We are well into the season of legislative public hearings now, and earlier this month, the Judiciary Committee heard bills related to probate and family law—including two that are of great interest to our Trusts & Estates section.
You may have read previously in this space about each of the bills: The Uniform Trust Decanting Act (UTDA), and the Revised Uniform Fiduciary Access to Digital Assets Act (RUFADAA). Each of them was developed by the Uniform Law Commission and then tweaked, mostly to conform with existing Massachusetts statutes, by an independent standing committee of T&E practitioners
Four members of that committee—Marc Bloostein (Ropes & Gray), Renat Lumpau (Choate), Eric Hayes (Goodwin) and Mark Leahy (Burke, Whittum & Leahy LLC)—were able to testify at the hearing, collectively representing the BBA, MBA, and Massachusetts Bankers Association, all of whom are supporting both bills, as well as the standing committee itself. The UTDA bill (S. 896) was filed by Sen. Cynthia Stone Creem, and companion RUFADAA bills (H. 3368 and S. 936) were filed in the House and Senate by Rep. Jay Livingstone and Sen. Barry Finegold, respectively.
To summarize the case for the two bills:
- UTDA:
- Decanting, or the fiduciary exercise of broad discretionary powers of distribution to create new trusts for one or more beneficiaries of an existing trust, is a form of trust modification that’s available to fiduciaries now in Massachusetts. But while it can be a useful strategy for changing the outdated terms of an otherwise-irrevocable trust—for example, to provide for a beneficiary who becomes disabled after the settlor executes the original trust—the law on decanting in Massachusetts—what can and can’t be done, under what circumstances—is far from clear.
- The UTDA was designed to create a national framework for practitioners facing questions of how best to accomplish trust decanting, and if it’s adopted here, Massachusetts would join the majority of states with some type of statutory decanting in place. Massachusetts practitioners would remain free to continue to decant trusts under common law, if that makes the best sense for a client or situation, but they would also have an alternative and clear guidance concerning how to decant properly in accordance with the statute.
- RUFADAA:
- This uniform language was developed in response to a lack of guidance as to what happens to a person’s digital assets (think Facebook, e-mails, on-line banking) when they die or become incapacitated. Very few individuals leave clear direction on the handling of these assets and those companies in charge of the on-line accounts have varied and often difficult-to-locate policies—if they have any policies on the matter at all. RUFADAA would add clarity by creating a formal process to determine a fiduciary’s authority to access digital assets while also balancing privacy concerns and limiting unwarranted disclosure of private communications.
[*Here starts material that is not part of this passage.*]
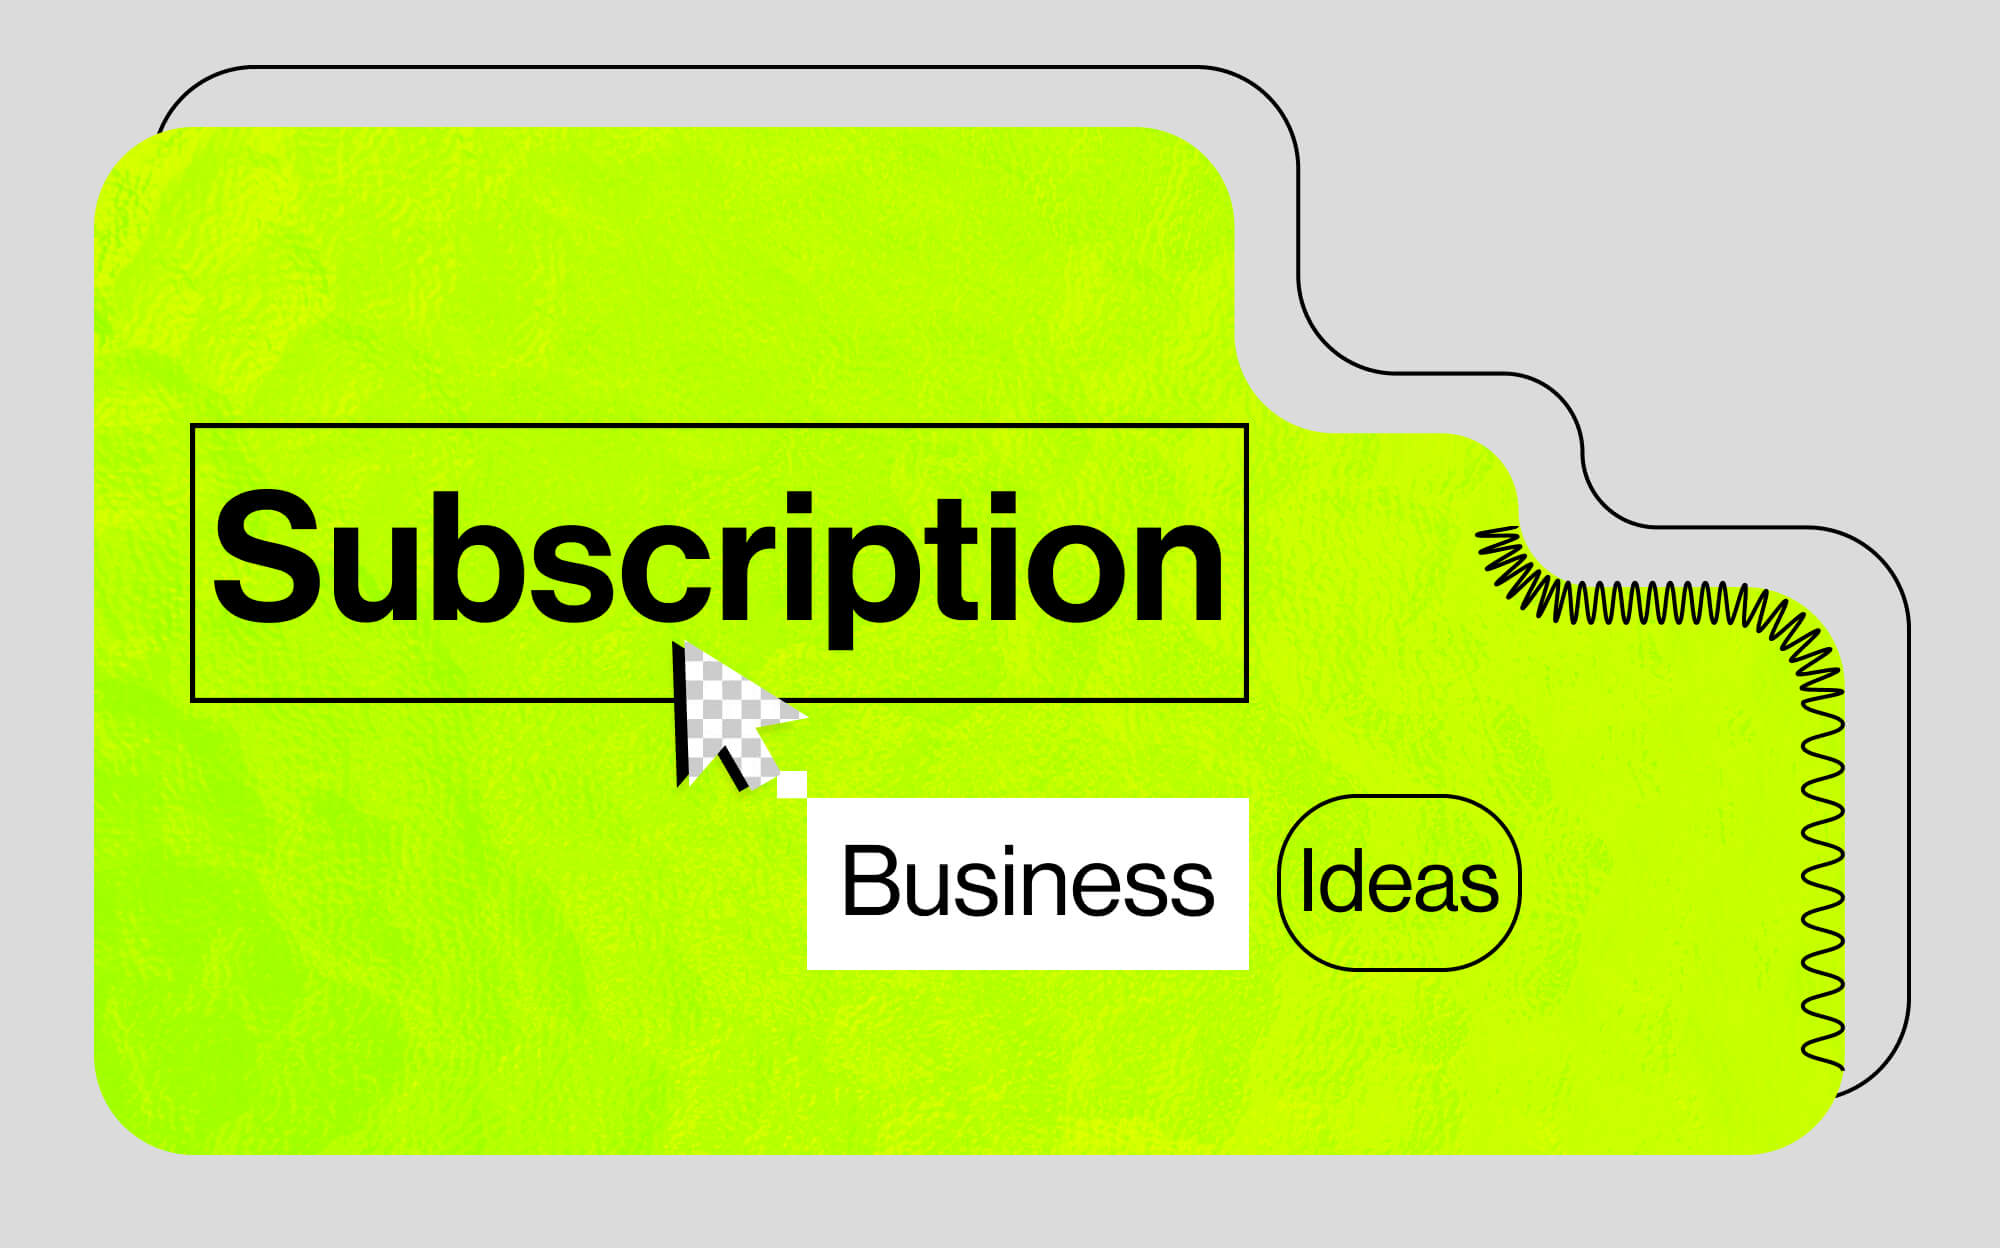 Subscription Business Ideas to Attract Customers and Make a Profit

Since its promulgation in 2015, at least 43 other states have adopted RUFADAA in some form.
- The
bill establishes a hierarchy to determine the preferences of the user:
- First is a so-called “online tool” by which a user has named someone to manage their digital assets upon death or incapacity. That person is considered the “designated recipient” under the bill, rather than a fiduciary, and the user could conceivably name a different person for each account. The user could also direct the provider not to allow any access.
- Next in the hierarchy is a will or other properly executed document, either allowing or prohibiting access.
- Finally, in the absence of either of the above, the provider’s terms-of-service agreement will apply as a default.
- The bill explicitly covers personal representatives (who manage decedents’ estates), conservators (appointed to assist protected persons), trustees (only for the purpose of managing trust property), and agents acting under power of attorney.
These bills help
demonstrate the importance of the BBA’s sections to our development of policy
positions: The legislation would not enjoy the BBA endorsement had the Trusts
& Estates section not flagged these two issues for us. We rely heavily on our substantive-law
sections to spot issues for us within their practice areas, especially those
that our section members feel the BBA ought to speak out on as an organization.